# My Dorky Elk from archery 08



## oregonelkslayer (Feb 15, 2007)

http://www.archerytalk.com/vb/attac...p?attachmentid=576532&stc=1&d=124270745007450


----------



## oregonelkslayer (Feb 15, 2007)

*it worked*

Well this my dorky elk I brought home from archery season 08.
he is a 6x1,and a drop. Mount work in progress, not sure quite where to go next.:darkbeer:


----------



## buglebuster (Feb 18, 2009)

Nice job!!, we get em' in washington alot with dropping in to their heads from the bur's, but you don't see that too often, nice bul!


----------



## Sticks & Stones (May 20, 2009)

He sure tastes better than that tag sandwich does huh?? Nice job!


----------



## MULIES4EVER (Feb 18, 2009)

Hey I shot a similar bull last year also.

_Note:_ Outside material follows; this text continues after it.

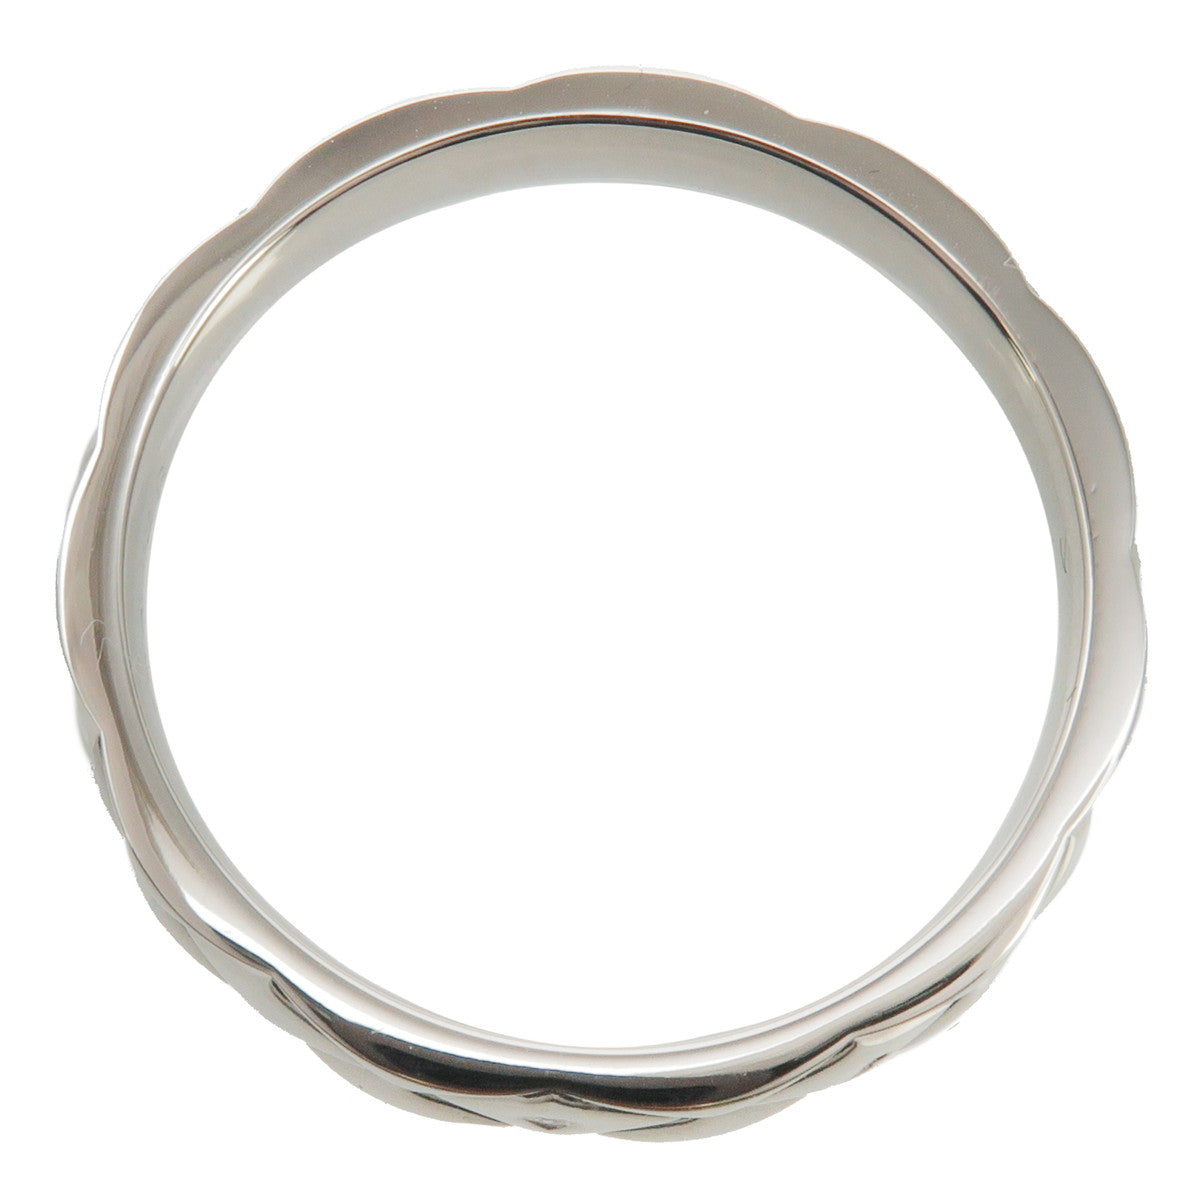 CHANEL Matelasse Ring Medium 950 Platinum #56 US7.5 HK16.5 EU56

I think he is awesome.
Check it out.


----------



## MULIES4EVER (Feb 18, 2009)

pm me if you need help finishing him up.


----------



## KaylaKrekel88 (Jan 18, 2009)

Nice that turned out really good!!!!


----------



## Tug08 (Aug 12, 2008)

*great Elk*

I think that is a very cool rack, i would be real proud if I were you.


----------